Posted by | July 14, 2013 20:32 | Filed under: Top Stories


by Stuart Shapiro

In a week when House Republicans showed their hatred for the Food Stamps program and thoughts have begun to turn toward the next GOP-driven hostage crisis to get more spending cuts, it is important to remember the results of the last one . . . sequestration.  Kathleen Geier catalogs some of them:

Consider the following:

— At least 70,000 kids are being kicked out of the already chronically underfunded preschool program, Head Start.

— Elderly folks and people with disabilities who depend on Meals on Wheels are also in for an unlovely surprise: funding for the program has been slashed, and thousands of people across the country are receiving fewer meals from the service — or no meals whatsoever.

— Public schools across the country that depend on federal aid, especially those located on military bases and Indian reservations, are finding themselves forced to lay off workers, cut back hours, and postpone vital repairs to crumbling infrastructure.

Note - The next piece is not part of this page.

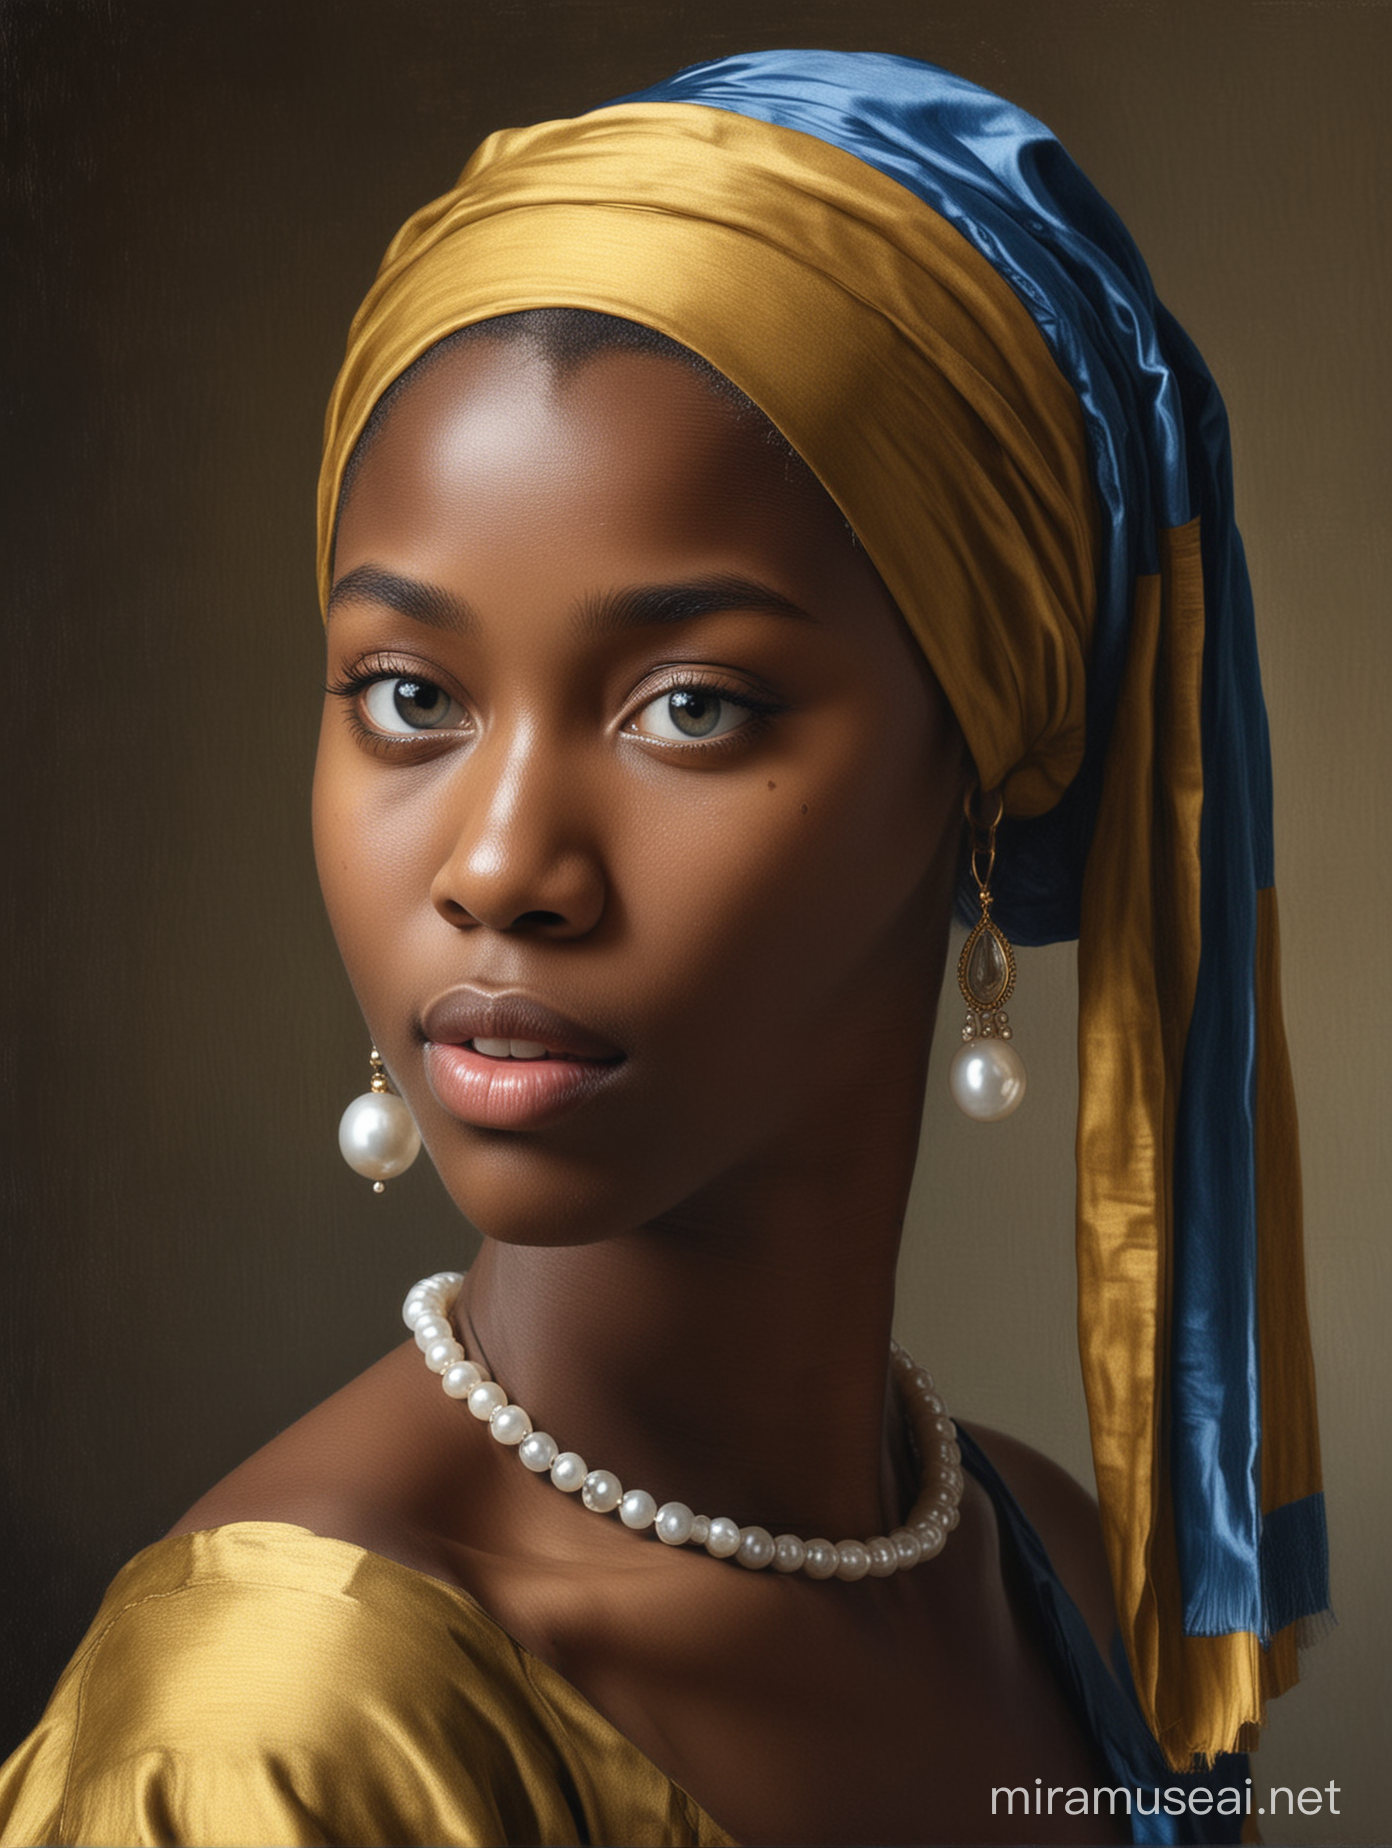 Portrait of a Young Black Woman Inspired by Girl with a Pearl Earring

— Small businesses, many of which supply goods and services to the government, have been hard hit, and a number of them have been forced to lay off workers because their federal contracts were cancelled.

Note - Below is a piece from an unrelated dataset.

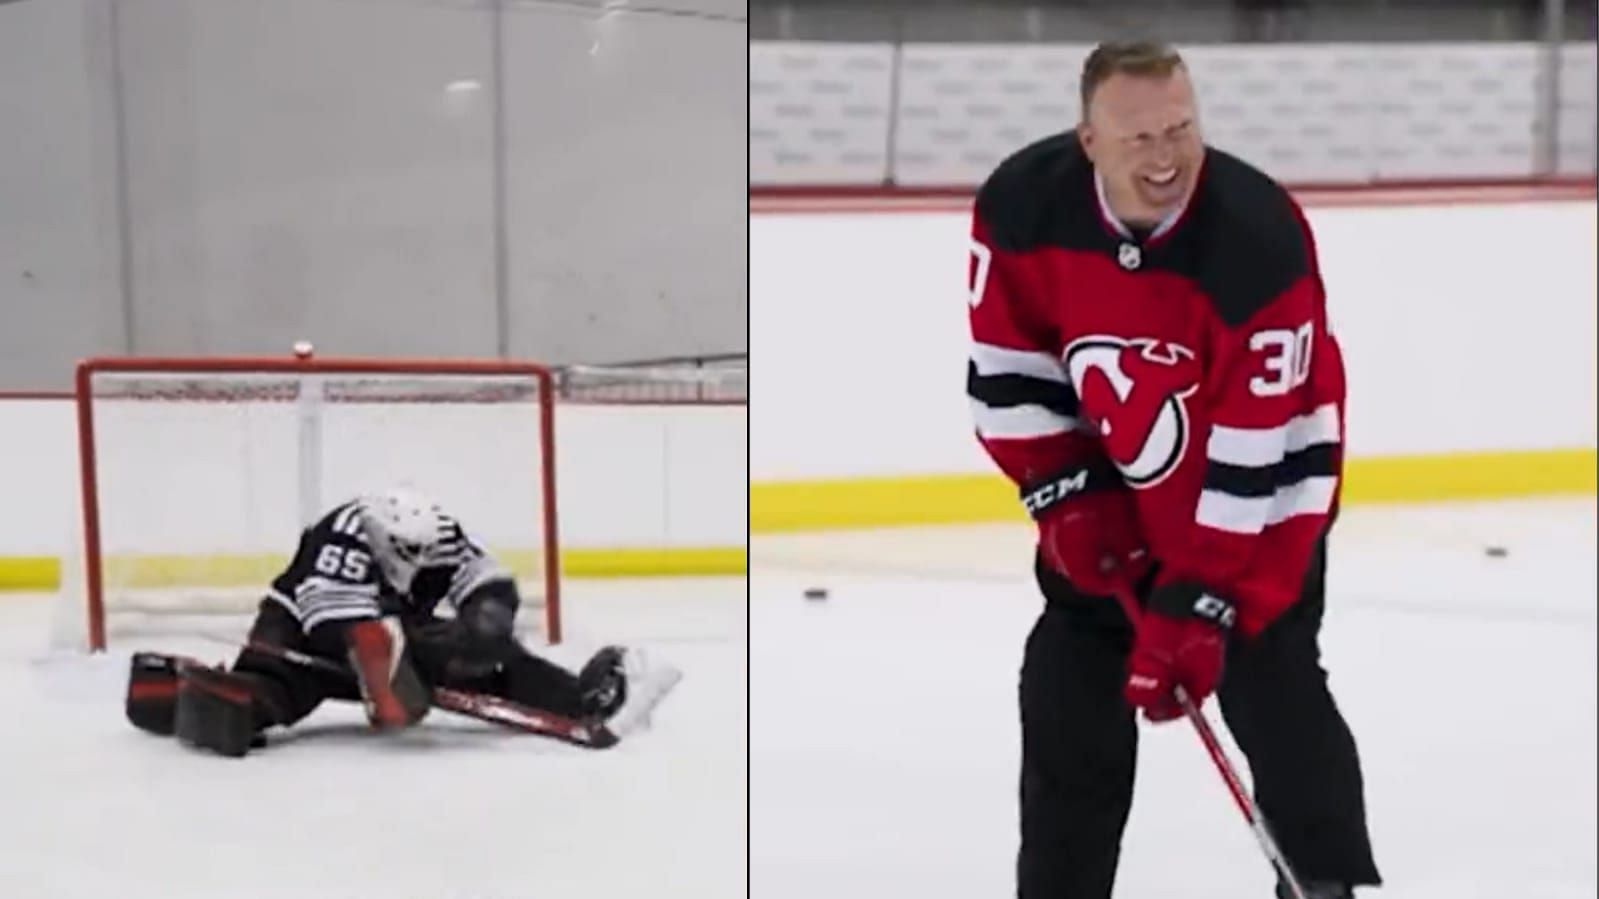 PK Subban becomes goalie and takes shots from Martin Brodeur in viral video

— The long-term unemployed, whose unemployment benefits were painfully inadequate to begin with (on average, only $289 a week), are also getting reamed. Weekly benefits are shrinking by amounts ranging from 14 percent to 22 percent, depending on what part of the country recipients live in.

And what did we get for all this? Budget deficits that were coming down anyway are coming down a bit faster?  Hard to think it is even close to worth it.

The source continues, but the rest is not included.